In reality, the bourgeois and the reformist politicians are trapped.
They have exhausted the old tricks of the past. The policies of
monetarism and unrestricted market economics have landed them in a
mess. The policies of laissez-faire capitalism (“neo-liberalism”) have
collapsed. The attempt to return to the old discredited policies of
Keynesianism will only make things worse. A combination of the two will
get the worst of all worlds. All the old recipes have failed.
The European bourgeois tried to get balanced budgets through the
Maastricht Treaty but now this idea has been thrown out of the window.
The public debt has soared. This is a measure of desperation. The
unprecedented levels of public borrowing will not succeed in getting
Spain or any other country out of the crisis, but it will mean a long
period of austerity and attacks on living standards.
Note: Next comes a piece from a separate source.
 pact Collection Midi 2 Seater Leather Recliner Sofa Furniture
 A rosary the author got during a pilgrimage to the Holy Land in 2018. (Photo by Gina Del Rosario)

The aim is to solve the crisis of capitalism by driving down the
living standards of the working class and place it at the mercy of
Capital. But this will not work. The bourgeois will face an explosion
of the class struggle. The period we are in will see movements
involving millions. In the course of these struggles, the mass
organizations will be under intense pressure from the bourgeoisie and
the working class. This will inevitably result in a whole series of
internal crises and splits. The formation of Die Linke in Germany was
already an anticipation of a process that will take place in one
European country after another.
Sectarianism – a dead end
All the attempts of the sects to build phantom “revolutionary
parties” outside the existing mass organizations are doomed to
ignominious failure. This was revealed graphically in the recent
British elections, which indicate a complete collapse of the votes for
the sectarian groups, although the conditions for their success were
apparently ideal.
In Greece, which is rapidly moving in the direction of a
pre-revolutionary situation, the masses are being mobilized through the
trade unions. The largest confederations have ties with the ruling
Socialist party, Pasok, while a minority leans towards the Communist
Party of Greece (KKE).
On the fringes of the movement frustrated youths throw rocks and
petrol bombs and attack property. As always, anarchist elements take
advantage of this to spread confusion. The frustration of the youth is
understandable, but such acts of petty violence lead nowhere. There are
dangers in this situation. If the workers’ organizations do not give a
lead, it can lead to terrorism, which in turn can easily be manipulated
by the state security forces and infiltrated by provocateurs.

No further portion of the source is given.